The intrusion pathway included breaching a system running a vulnerable version of the Laravel Framework and obtaining Amazon Web Services (AWS) credentials.

An open-source Python script was used to check and validate keys for various LLM offerings. During the verification phase, no legitimate LLM queries were run.

The key checker integrates with an open-source tool called oai-reverse-proxy to provide access to compromised accounts without exposing credentials.

Attackers queried logging settings to avoid detection when using compromised credentials, allowing them to monetize access to LLMs while the cloud account owner unknowingly incurs costs.

The attack could cost over $46,000 in LLM consumption costs per day for the victim, with the potential to disrupt business operations by maximizing quota limits and blocking legitimate model usage.

Organizations are advised to enable detailed logging, monitor cloud logs for suspicious activity, and implement effective vulnerability management processes.

In a separate incident, the FBI and NCA revealed the identity of LockBitSupp, the operator of the LockBit ransomware operation.

Operation Cronos took down LockBit’s infrastructure and converted its data leak site into a law enforcement press release site.

The site went live again, teasing new information, including the possible identity of the LockBit admin, identified as 31-year-old Russian national Dmitry Yuryevich Khoroshev.

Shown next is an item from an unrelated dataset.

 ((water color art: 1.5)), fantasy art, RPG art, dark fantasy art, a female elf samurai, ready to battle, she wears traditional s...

LockBitSupp has been leaking the names of 119 victims allegedly attacked by the ransomware operation and has pledged to continue conducting attacks.

An attack on healthcare giant Ascension, linked to the Black Basta ransomware operation, caused massive disruption to the healthcare system.

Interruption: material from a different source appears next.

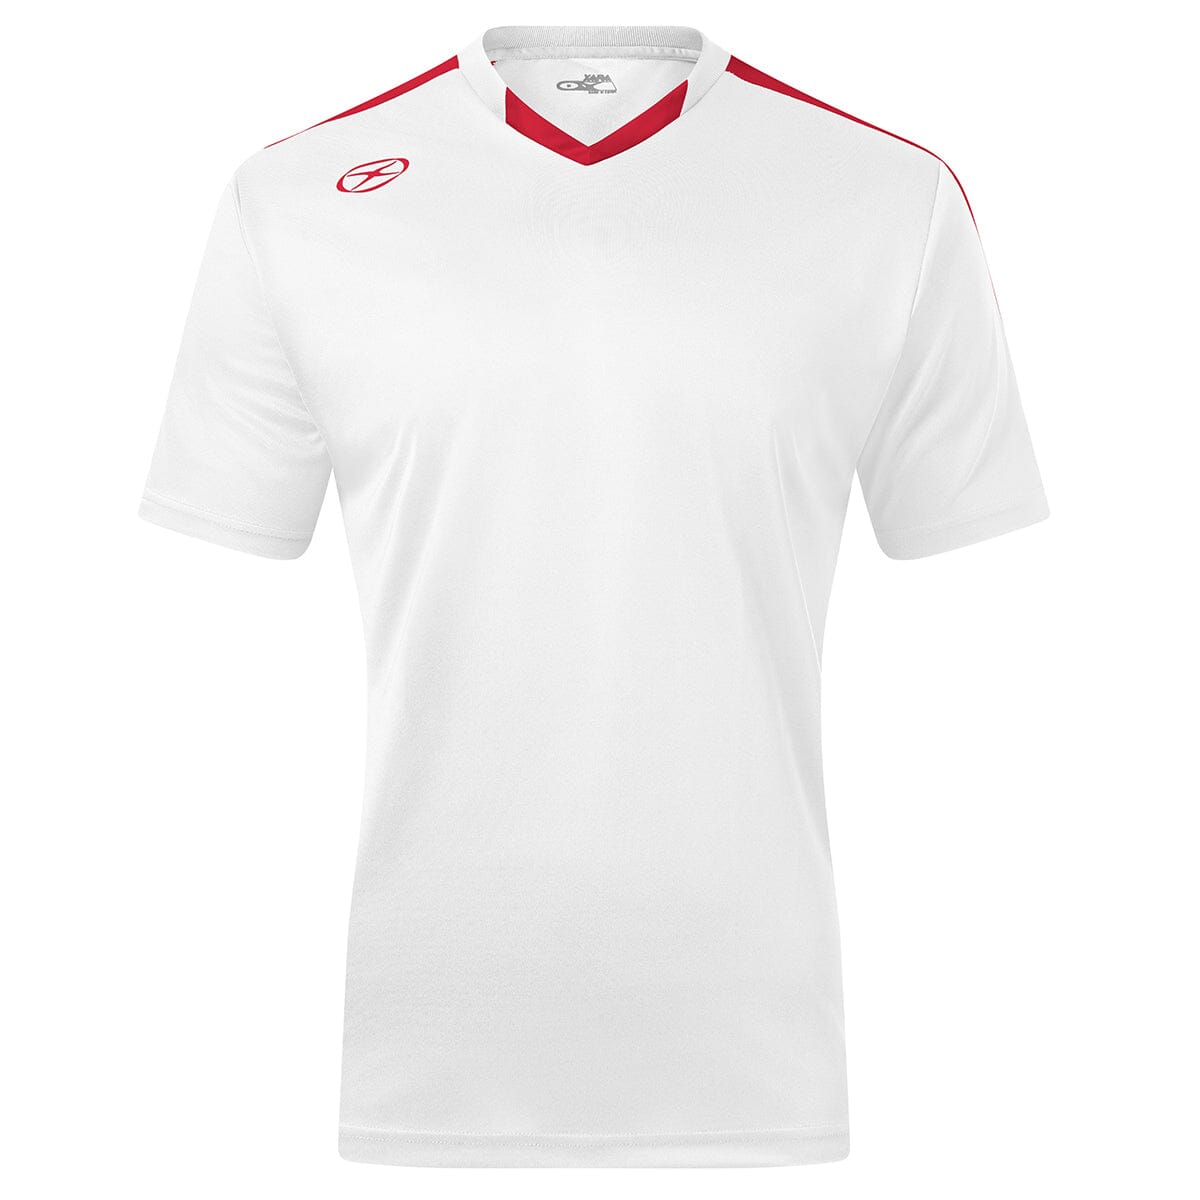 Britannia Jersey - Away Colors - Male Shirt Xara Soccer White/Red Medium

The incident is part of a historic surge in ransomware incidents and payment totals in 2023, with significant actions taken against ransomware actors in early 2024.

The City of Wichita, Kansas, disclosed that it was forced to shut down portions of its network after a ransomware attack.

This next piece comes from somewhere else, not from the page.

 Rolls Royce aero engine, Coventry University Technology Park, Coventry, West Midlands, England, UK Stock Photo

Various new ransomware variants, including STOP and .xam, have been discovered. MorLock targets Russian companies using LockBit 3 (Black) and Babuk ransomware.

Brandywine Realty Trust and the University System of Georgia (USG) have also confirmed cyberattacks, with LockBit ransomware gang claiming responsibility for the attack on the City of Wichita and Ascension experiencing disruptions and outages.

Additionally, FIN7 has been using malicious Google ads to impersonate well-known brands and deliver the NetSupport RAT.

A persistent e-crime group active since 2013, FIN7 has refined its tactics and malware arsenal over the years, commonly deploying malware through spear-phishing campaigns.

Microsoft observed FIN7 attackers using Google ads to distribute malicious MSIX application packages, prompting users visiting bogus sites to download a phony browser extension containing a PowerShell script.

The script gathers system information and contacts a remote server to fetch another encoded PowerShell script, which downloads and executes the NetSupport RAT from an actor-controlled server.

NetSupport RAT has been used to deliver additional malware, including DICELOADER, via a Python script.

FIN7 has been exploiting trusted brand names and using deceptive web ads to distribute malware, targeting Windows and Microsoft Office users to propagate RATs and cryptocurrency miners via cracks for popular software.

Malware often registers commands in the task scheduler to maintain persistence, enabling continuous installation of new malware.

SocGholish infection wave targets business partners using living-off-the-land techniques, with malware campaigns leveraging legitimate software to propagate RATs and cryptocurrency miners.

Malwarebytes and eSentire have reported similar findings of malicious ads mimicking high-profile brands, highlighting the evolving tactics of threat actors in the cybersecurity landscape.

Article X-ray

Facts attribution

This section links each of the article’s facts back to its original source.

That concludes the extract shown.